Given its location, most tourists are going to be visiting Bamyan from Kabul, and then returning to Kabul before moving on to another destination. Bamyan just doesn’t have many direct connections with other provinces.
Coming from Kabul, you’ll first want to head to the place called ‘Bamyan Terminal’ on Google Maps. (Also double-check with your hotel first to confirm.)
Getting to the terminal is a journey in its own right. It takes about 30-40 minutes from the Shar-e Naw district, and I paid 400 AFN to get there.
There aren’t any regular buses departing from this terminal – just shared taxis and minivans. Fortunately, the taxi driver who brought me also helped me negotiate with a shared taxi driver for Bamyan.
I paid 700 AFN to sit in the front seat for the journey to Bamyan. Note that in Afghanistan, you usually have to pay extra for the front seat, which I often did because I like placing my backpack in front of me. (If you’re female, you’ll probably have no choice but to sit in the front seat or perhaps even the trunk.)
As with shared taxis in other countries, the driver will only depart when full. I had to wait around an hour at the terminal, and we didn’t depart until around 11:00.
Without stopping, the drive to Bamyan should take around three hours, but we did stop for lunch along the way.
Finally, we made it to Bamyan Province, and I experienced a rather difficult security check shortly before town (not far from Shahr-e-Zohak).
The Taliban guards had me fill out a form with my basic info which was all in English. But for whatever reason, they kept asking the other passengers with me (some of whom I’d gotten to know a bit over lunch) if I was traveling with a translator or guide.

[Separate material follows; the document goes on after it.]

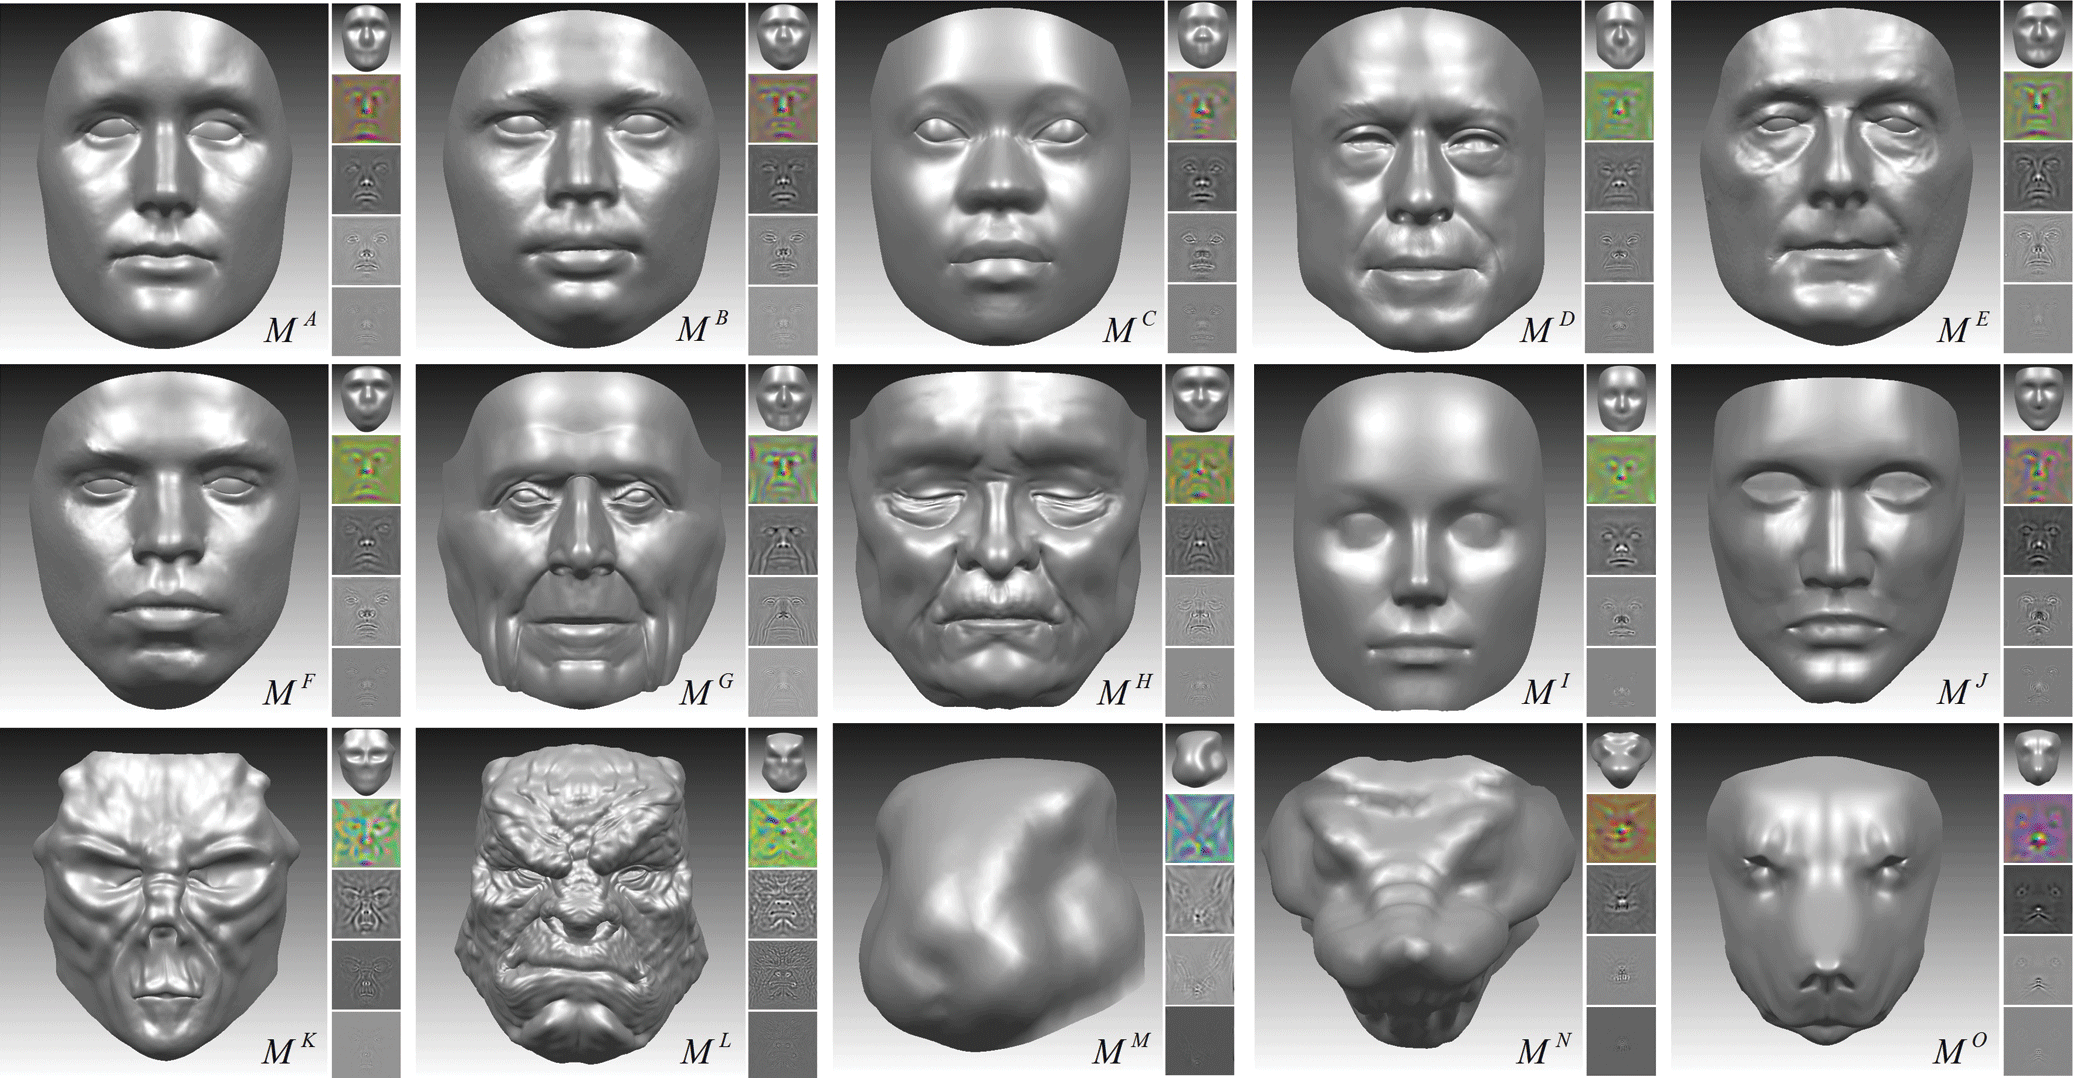 Multiscale face models captured from a set of 15 different face models. The full set consists of 10 human faces and five nonhuman faces including several animals, a monster, and an alien.

They seemed adamant that I was supposed to be accompanied by an official guide during my journey, even though this was NOT the rule in Afghanistan or Bamyan at the time of my visit.

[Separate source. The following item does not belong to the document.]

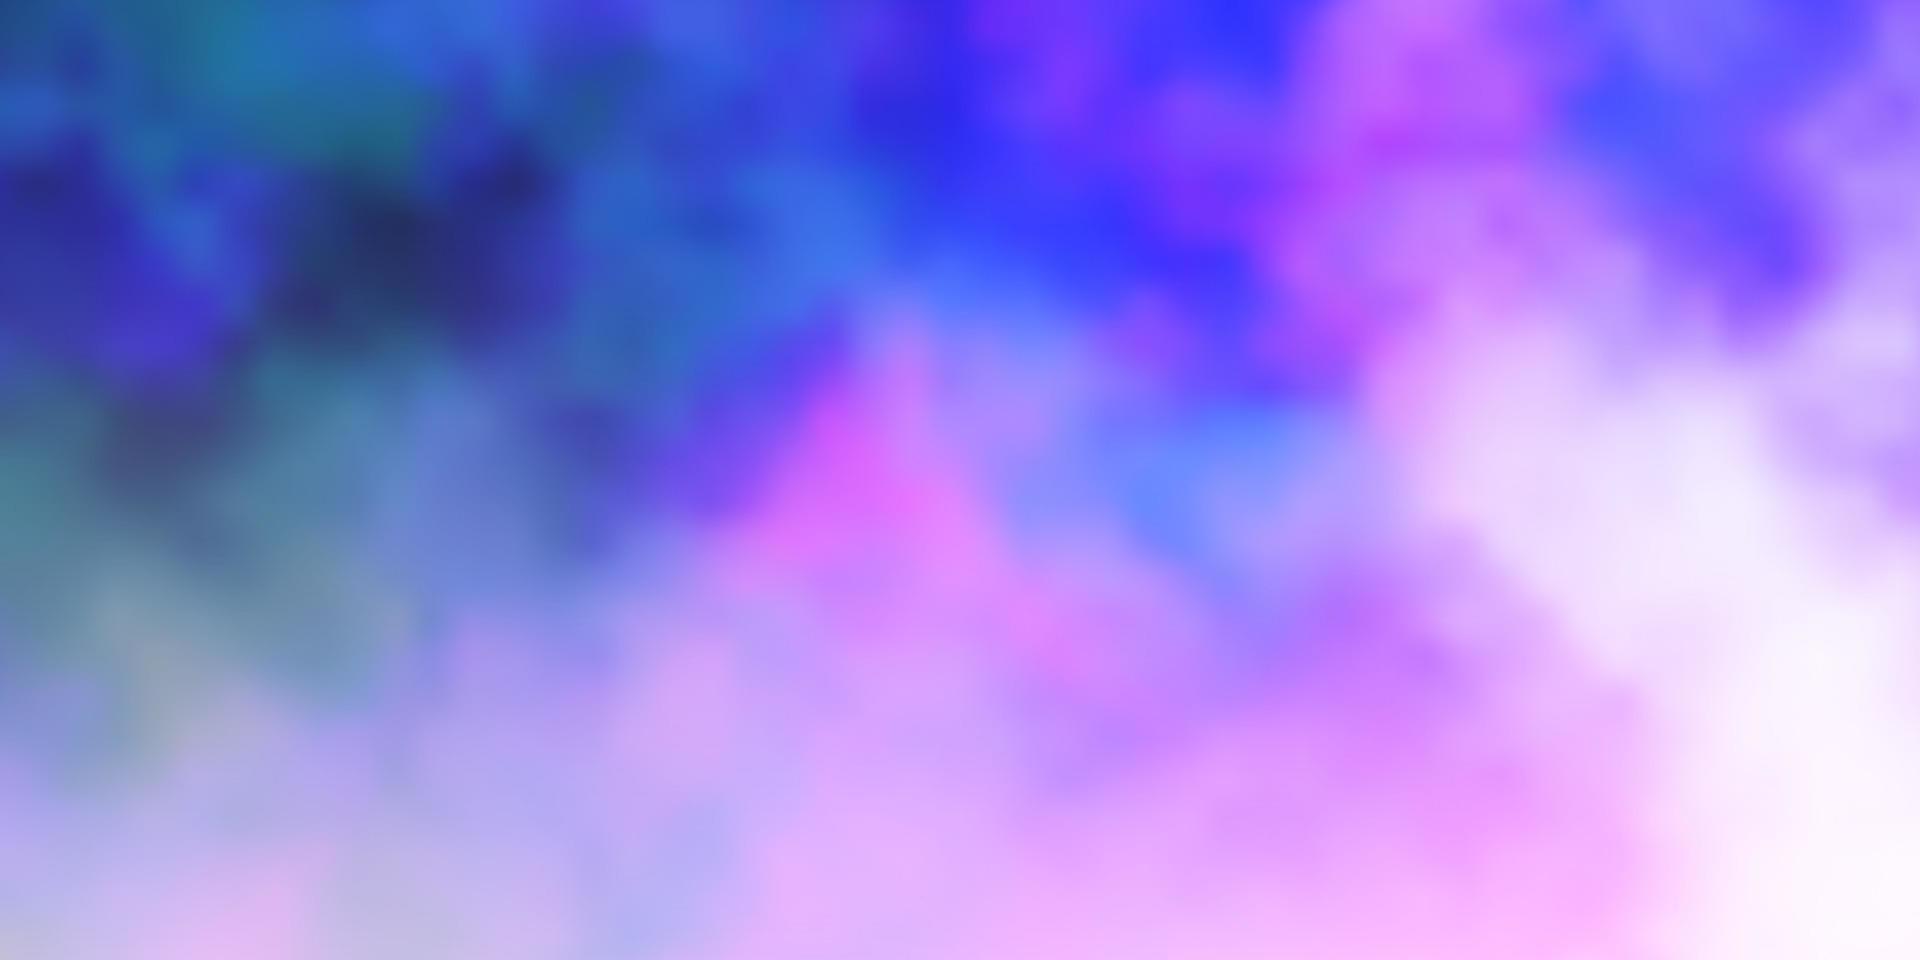 Light Purple, Pink vector background with clouds.

They were quite grumpy about not being able to communicate with me, but at the same time, they didn’t have any specific questions for me that weren’t already on the form I filled out. Eventually, they let me (and my fellow passengers) go.
As mentioned above, Bamyan is easily my favorite destination in Afghanistan, but the local Taliban in the province were by far the most stressful to deal with.

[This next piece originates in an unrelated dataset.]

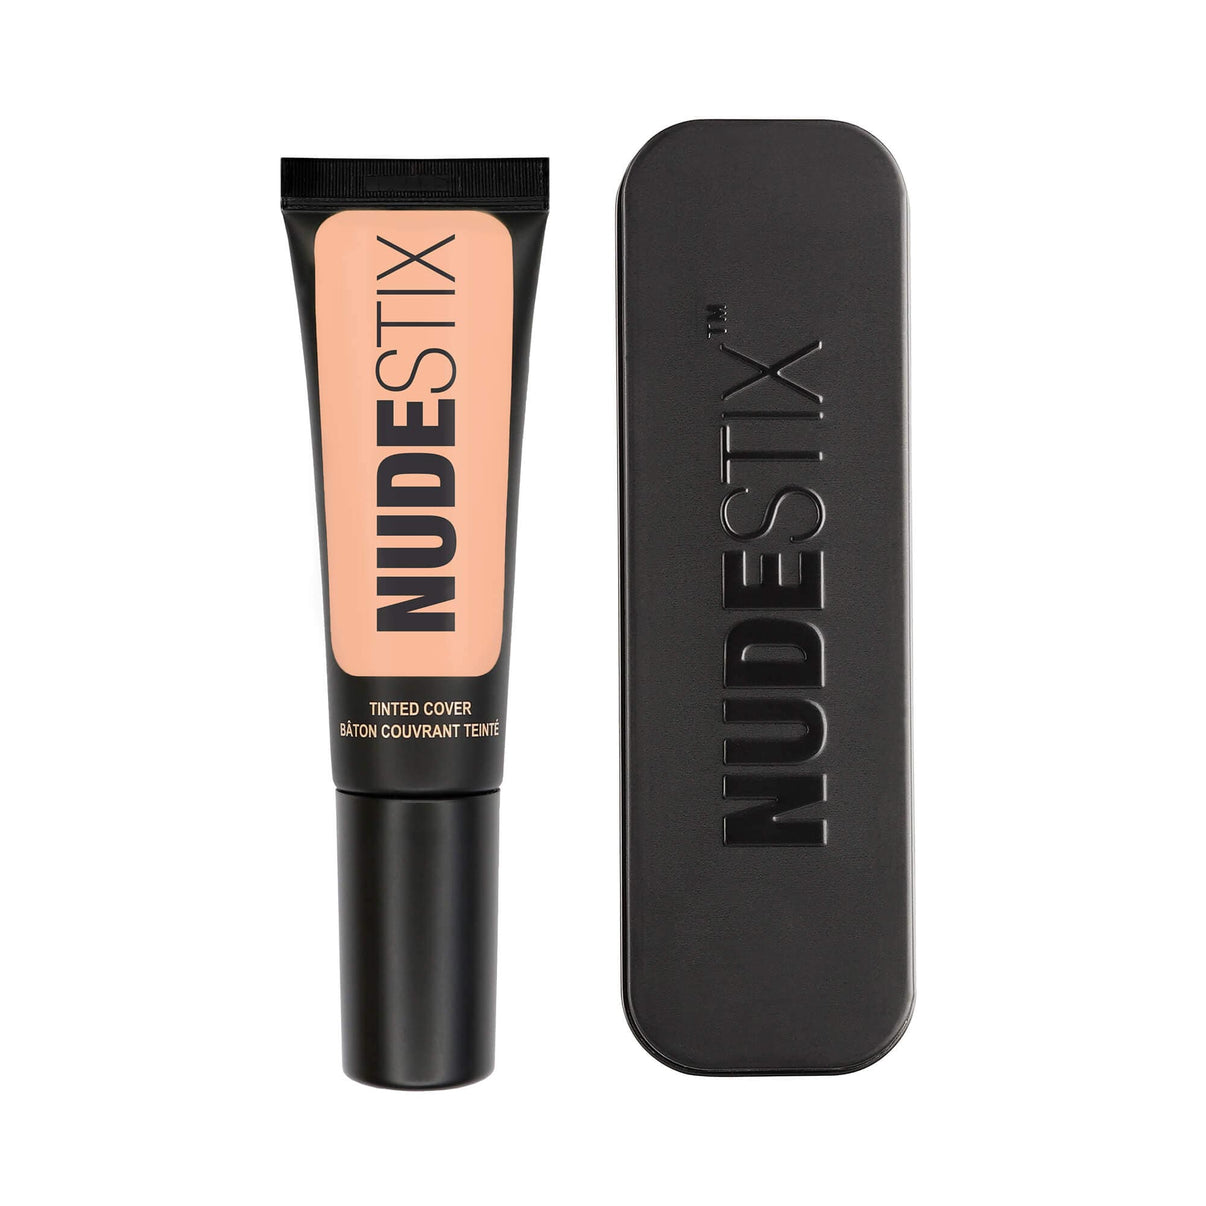 Tinted Cover Liquid Foundation in shade nude 3.5 with Nudestix can

Finally getting to town, the local Bamyan terminal is situated not far from the market. I was able to walk to my hotel, Noor Band Qala, in about ten minutes on foot.
LEAVING BAMYAN: As discussed, regardless of where you’re headed next, you’ll likely have to first return to Kabul after your stay in Bamyan. So just follow the steps above in reverse.
But also note that the ‘Bamyan Terminal’ in Kabul mentioned above also has shared taxis to Ghazni. Therefore, you can easily make it from Bamyan to Ghazni on the same day just by switching vehicles at that terminal. See our upcoming Afghanistan itinerary for more info.
I would highly recommend Noor Band Qala Hotel, which is where most foreigners seem to stay in Bamyan.
Note that outside of Kabul, you’re going to have a hard time finding accommodation on sites like Booking. So you’ll often have to reserve places in Afghanistan by contacting them on WhatsApp first (or sometimes just showing up).
At the time of writing, you can contact Noor Band Qala at +93 77 107 1854.
I paid 1500 AFN per night, which included a private bathroom and breakfast (only served from 6:00-8:00!). The staff were very helpful and connected me with reliable drivers to places like Shahr-e-Zohak and Band-e-Amir National Park. As mentioned above, they also helped me with the local permit.
I stayed in a number of hotels throughout Afghanistan for around 1500 AFN, but this was among the most spacious and clean for the price. They even have hot water.
The Wifi mostly worked well, but it wasn’t always consistent. So be sure to get a SIM card in Kabul that you can use as a hotspot.